По-серьёзному же, лет с восьми, я болел за московское «Торпедо». Сначала просто понравилось название - грозное и лёгкое одновременно. А потом и игра, в лучших своих образцах по-голландски изящная, не типичная для тяжеловатого советского футбола, исключая, может быть, ещё тбилисское «Динамо» времён Метревели (кстати, бывшего торпедовца) и Кипиани; если хотите - даже игра в игре: и стрельцовская хитрая пятка, и воронинские джентльменские финты и пасы, и моментальные пластические этюды Банникова и Кавазашвили. Сейчас, когда одна из лучших школ российского футбола практически перестала существовать, мне и самому с трудом верится, что когда-то, мальчишкой, я прыгал от восторга: «Го-ол!», «Го-ол!» под столбом репродуктора в пионерском лагере: «Торпедо» в пух и прах, «семь - один», разносило киевских динамовцев…
Из этого самого лагеря и, кажется, как раз в эту смену я однажды удрал.
Что творится в голове у двенадцатилетнего мальчишки - понять не так-то просто. Мне вдруг захотелось - ненадолго, я собирался тут же вернуться - домой, на Островского. И я, никого не предупредив, пошёл. Да ещё прихватил с собой кого-то из лагерных приятелей. Наше отсутствие быстро обнаружили, в лагере поднялся переполох; вернувшись, я уже застал возле отрядного корпуса вызванного вожатыми со службы отца.
Средний школьный возраст - период, когда умение шевелить ушами ценится выше, чем извилинами.

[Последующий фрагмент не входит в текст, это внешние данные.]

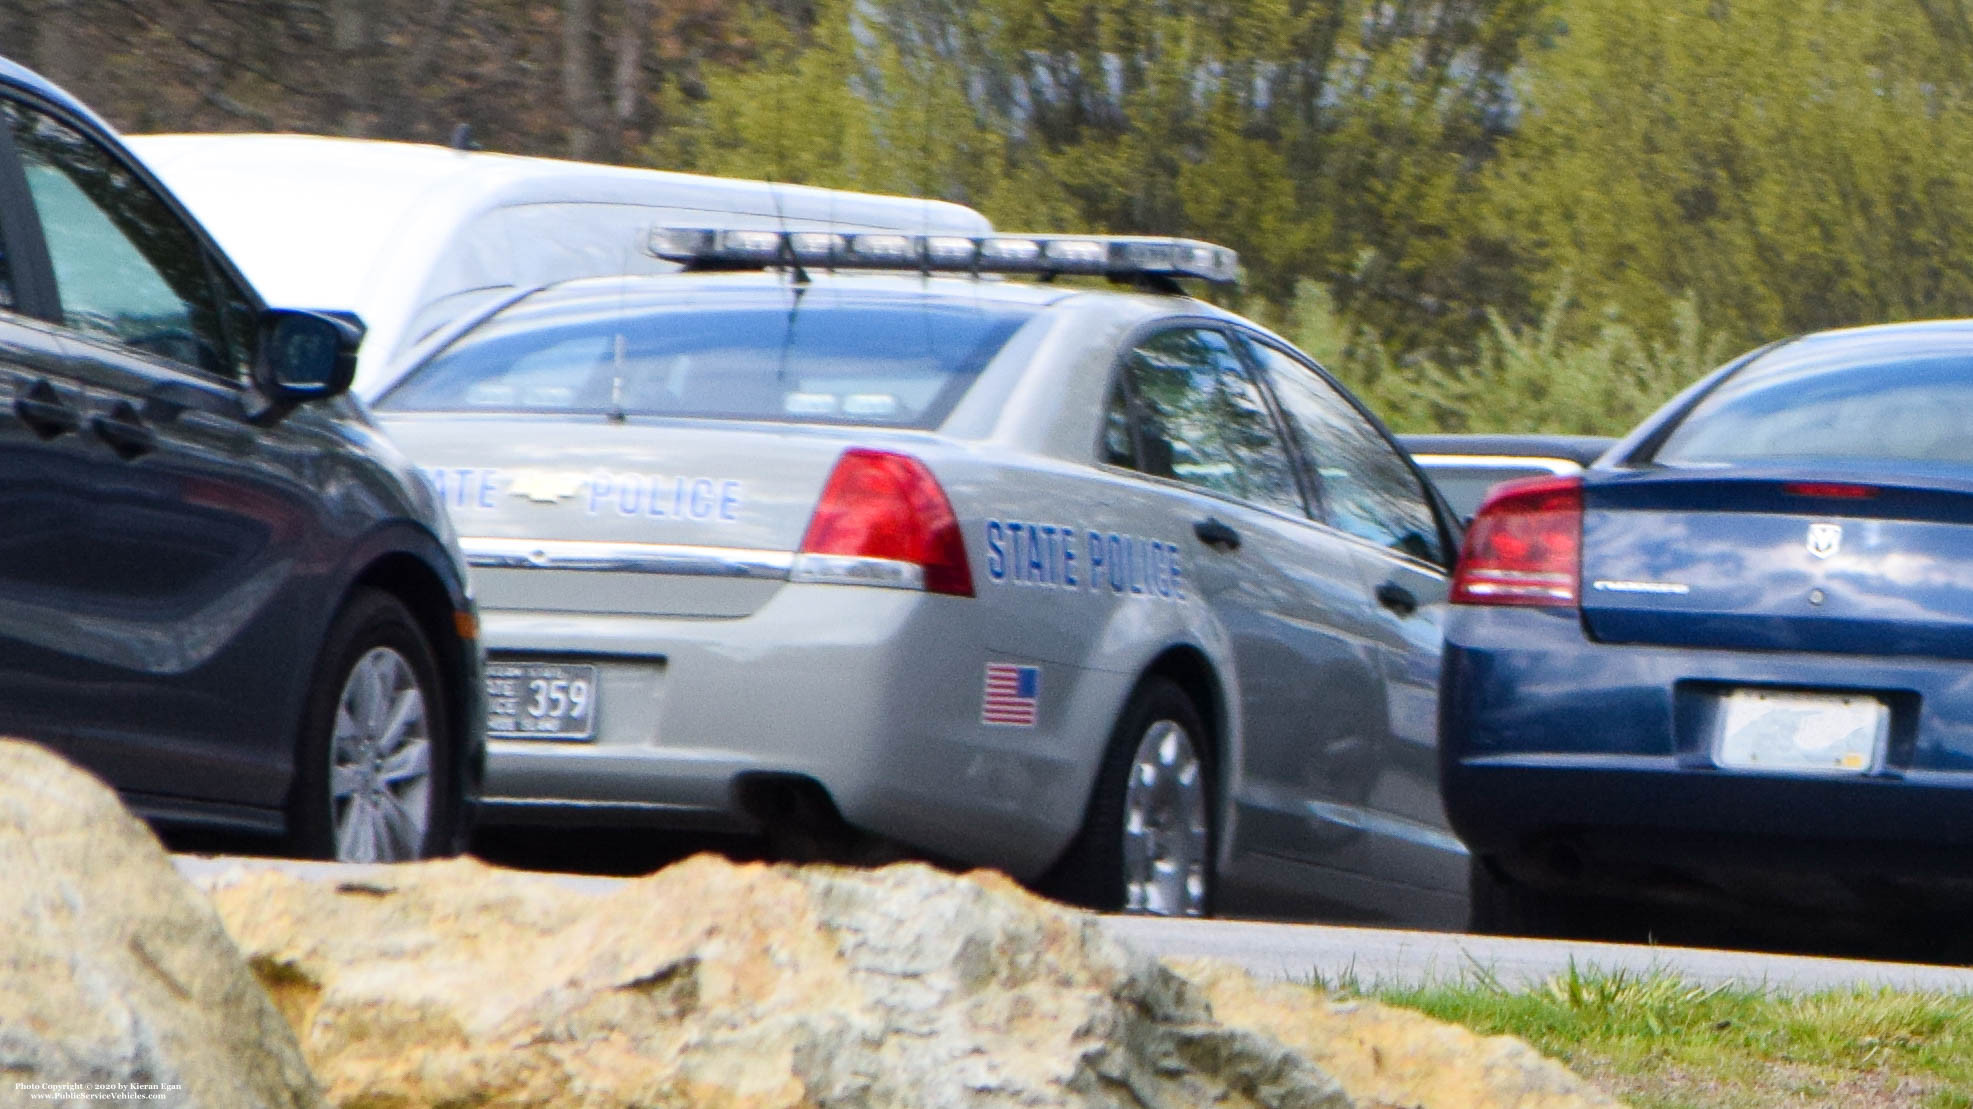 A photo  of Rhode Island State Police
            Cruiser 359, a 2013 Chevrolet Caprice             taken by Kieran Egan

Футбол, между прочим, у нас был ещё и настольный. Не тот, фабричного изготовления, где на длинных стержнях, за которые надо дёргать, бегали туда-сюда по узким прорезям на поле фигурки металлических игроков. Для нашего футбола не требовалось ничего кроме стола. Мячом был маленький бумажный квадратик. Квадратик перегибался по диагоналям, а затем из него одним движением делалось что-то вроде вытянутой за среднюю точку кверху четырёхконечной звёздочки. Воротами служило пространство между поставленными на край плоскости пальцами - большим и средним. На указательный возлагались функции голкипера. Звёздочка-мяч лежала на столе, играющие по очереди хлопали рядом с ней плотно сложенной ладонью - и воздушная струя отправляла лёгкий снаряд в путь.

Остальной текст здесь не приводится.